Variable temperature magnetic circular dichroism studies of reduced nitrogenase iron proteins and [4Fe-4S]+ synthetic analog clusters.

Variable temperature magnetic circular dichroism (VTMCD) and EPR spectroscopies have been used to investigate the ground and excited-state properties of [4Fe-4S]+ clusters in Mo- and V-nitrogenase Fe-proteins from Azotobacter vinelandii and two synthetic analog clusters, [Fe4S4(SEt)4]3- and [Fe4S4(SC6H11)4]3-. The results indicate similar [4Fe-4S]+ clusters with analogous S = 1/2 and S = 3/2 ground states in both Fe-proteins. However, the Fe-proteins do differ in terms of the medium effects on the S = 1/2 and S = 3/2 spin mixtures in frozen solution. By utilizing medium effects in both Fe-proteins, the VTMCD characteristics of both the S = 1/2 and S = 3/2 forms of the [4Fe-4S]+ have been determined. Together with the VTMCD studies of [Fe4S4(SEt)4]3- and [Fe4S4(SC6H11)4]3-, which are shown to be predominantly S = 1/2 and 3/2, respectively, in frozen DMF/toluene solutions, the results demonstrate that the form of the VTMCD spectra provides a means of identifying and distinguishing S = 1/2 and S = 3/2 [4Fe-4S]+ clusters.

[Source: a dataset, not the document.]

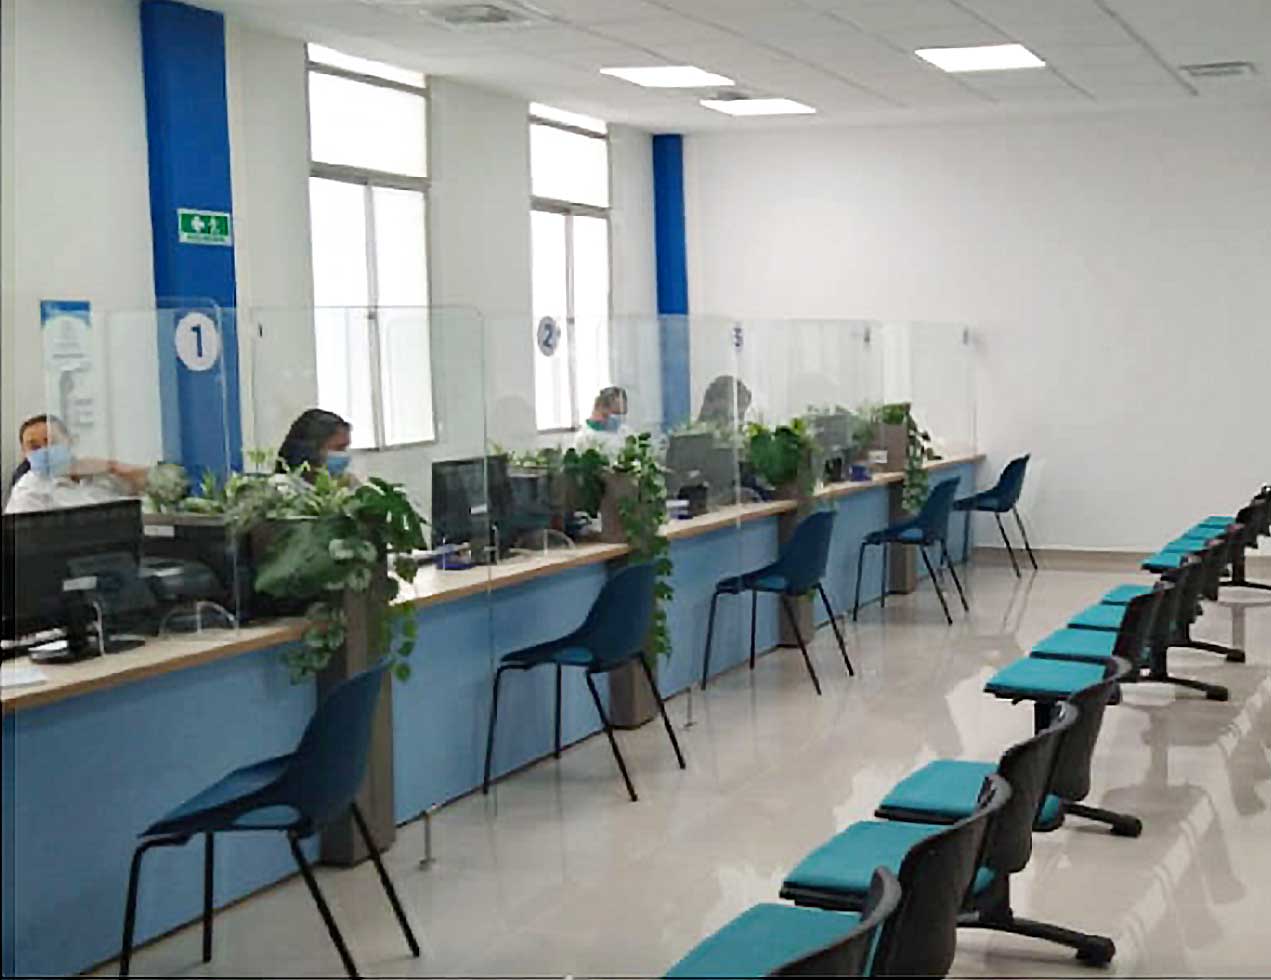 Air-e tiene dos oficinas comerciales para la atención de usuarios en Riohacha

Ground state zero-field splitting parameters for the S = 3/2 clusters are determined for both Fe-proteins. In addition to spin state heterogeneity, samples of the Mo-nitrogenase Fe-protein in the presence of 50% (v/v) ethylene glycol were found to exhibit heterogeneity in the S = 1/2 resonance. A rapidly relaxing axial resonance, g perpendicular = 1.94 and g parallel = 1.82, was observed in addition to the characteristic rhombic resonance, g = 2.05, 1.94 and 1.87. The origin of the heterogeneity exhibited by [4Fe-4S]+ clusters in frozen solution is discussed in light of these results.